— Work request —
The copy has to match the data exactly and leave out every picture.

— Data extract —
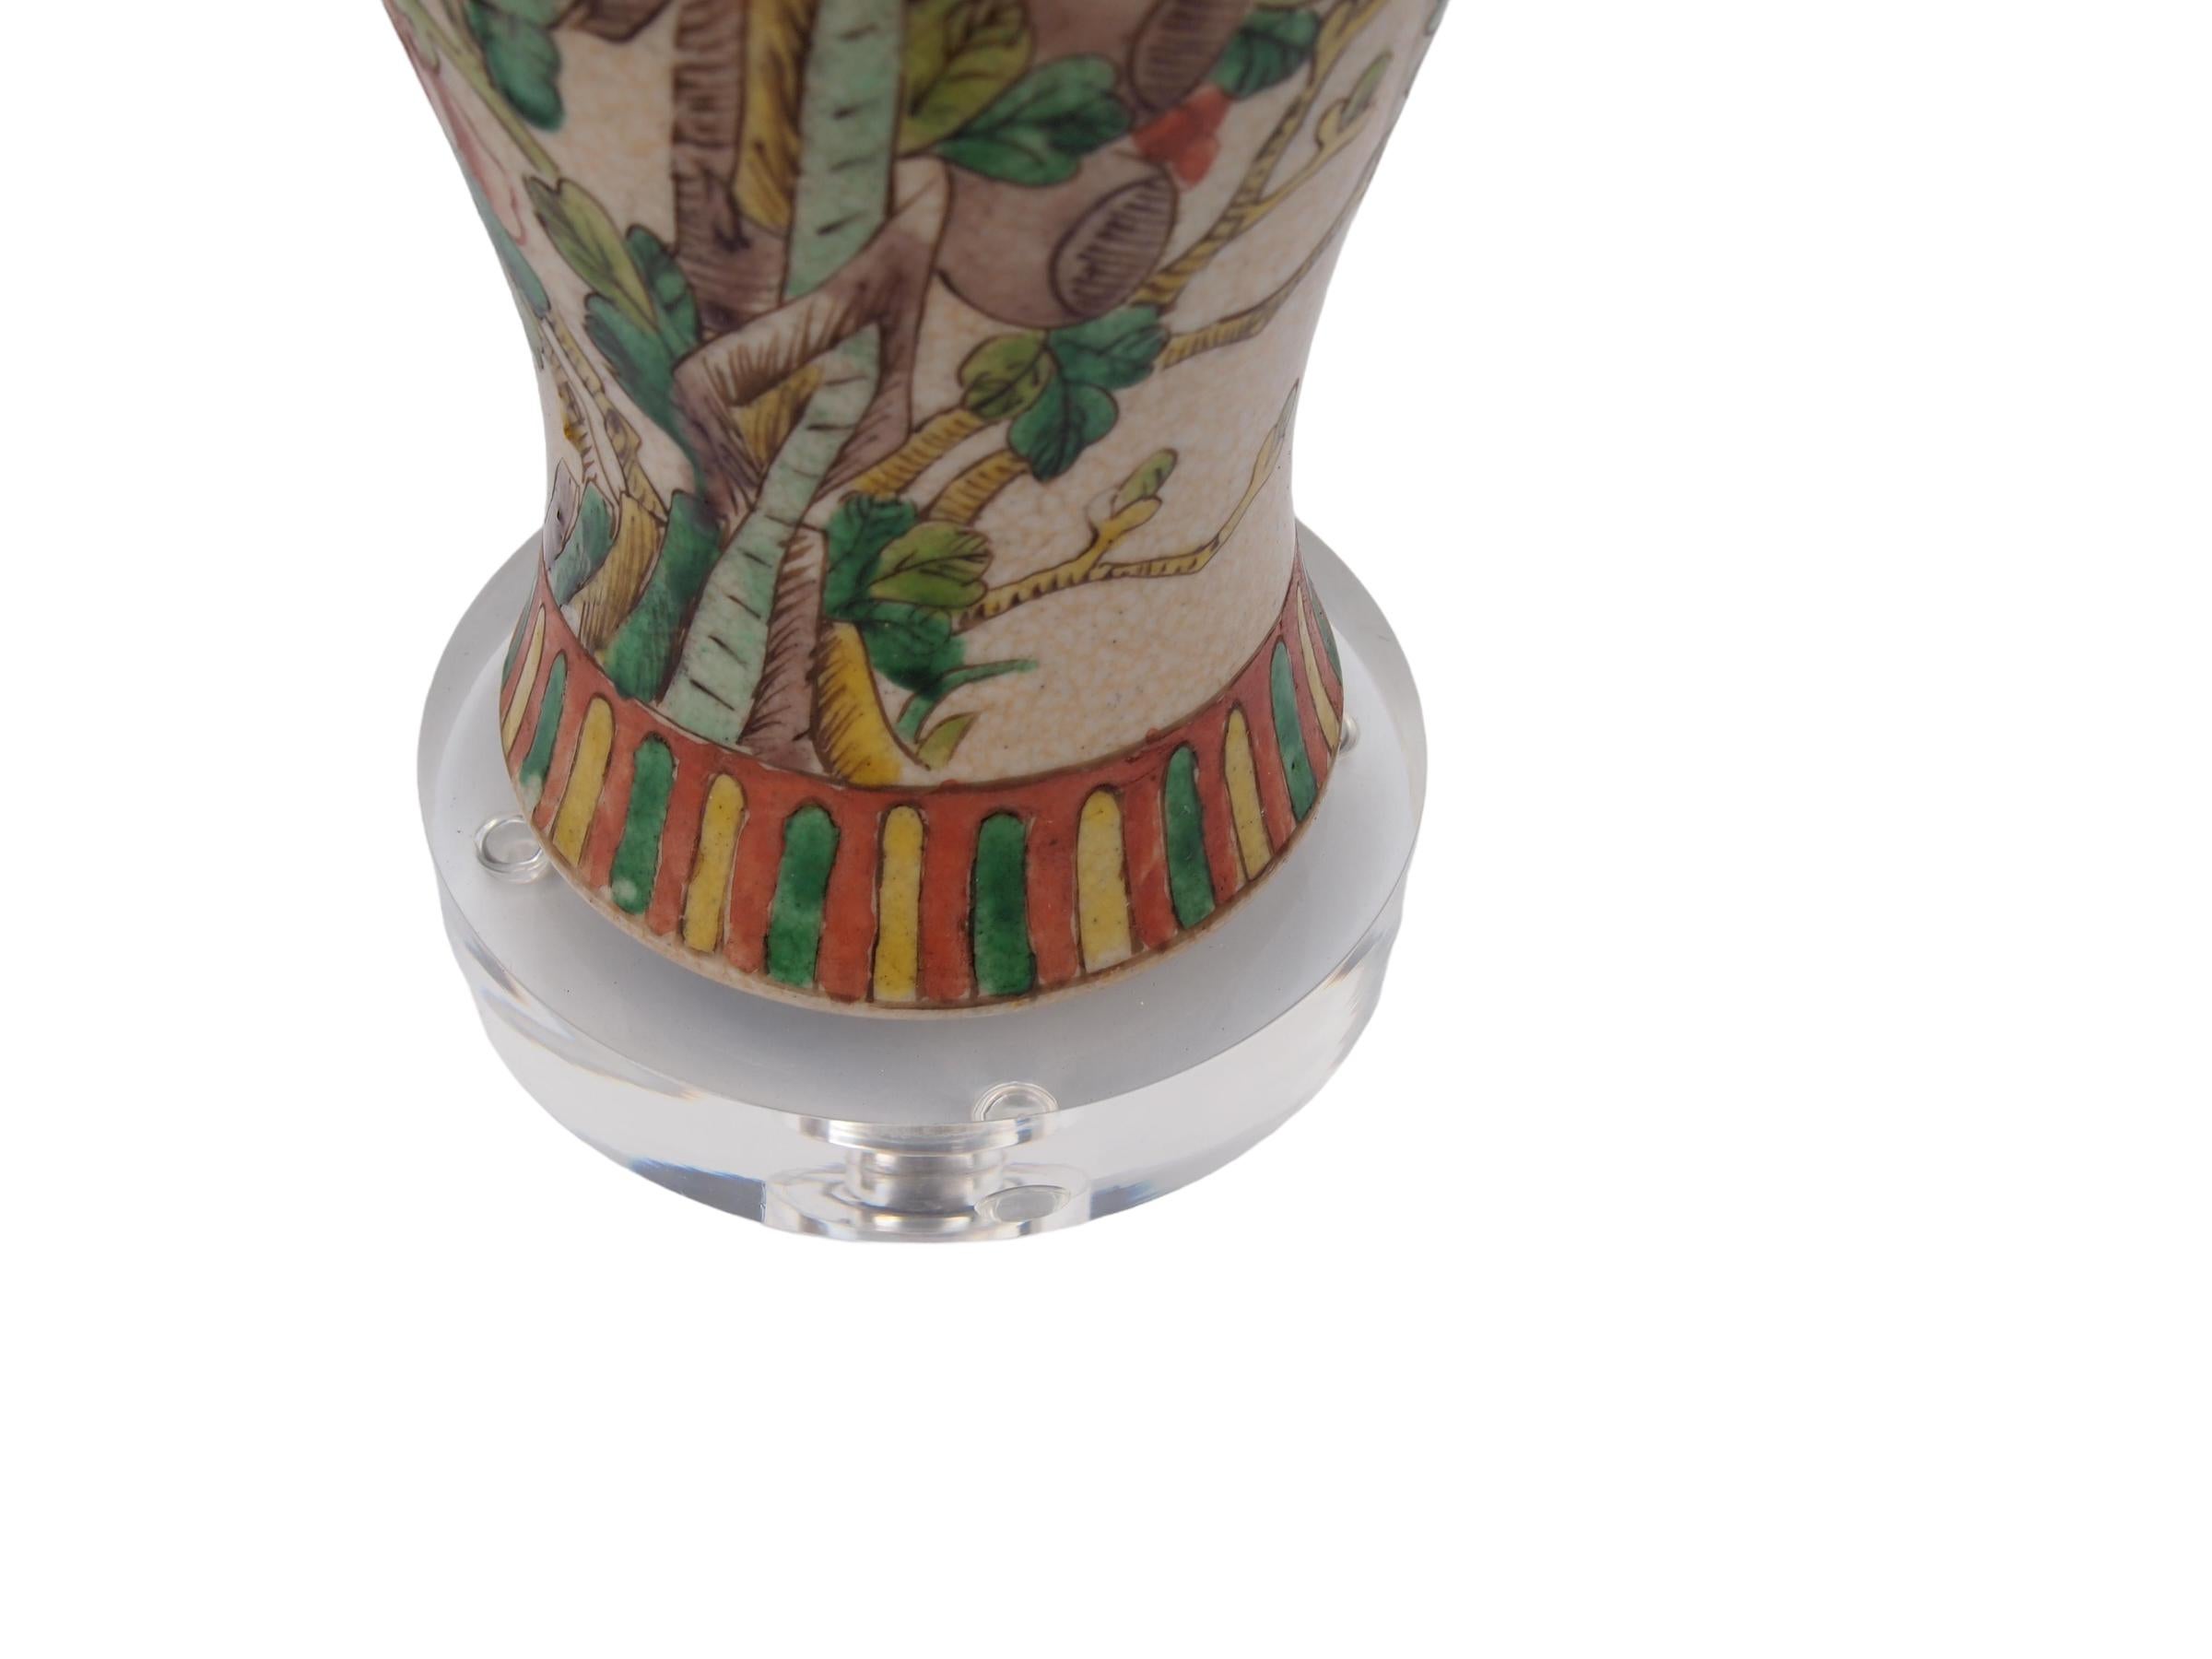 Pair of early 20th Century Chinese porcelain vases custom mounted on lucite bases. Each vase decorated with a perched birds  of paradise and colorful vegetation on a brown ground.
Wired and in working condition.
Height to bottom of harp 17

— Completed exercise —
 Pair of early 20th Century Chinese porcelain vases custom mounted on lucite bases. Each vase decorated with a perched birds  of paradise and colorful vegetation on a brown ground.
Wired and in working condition.
Height to bottom of harp 17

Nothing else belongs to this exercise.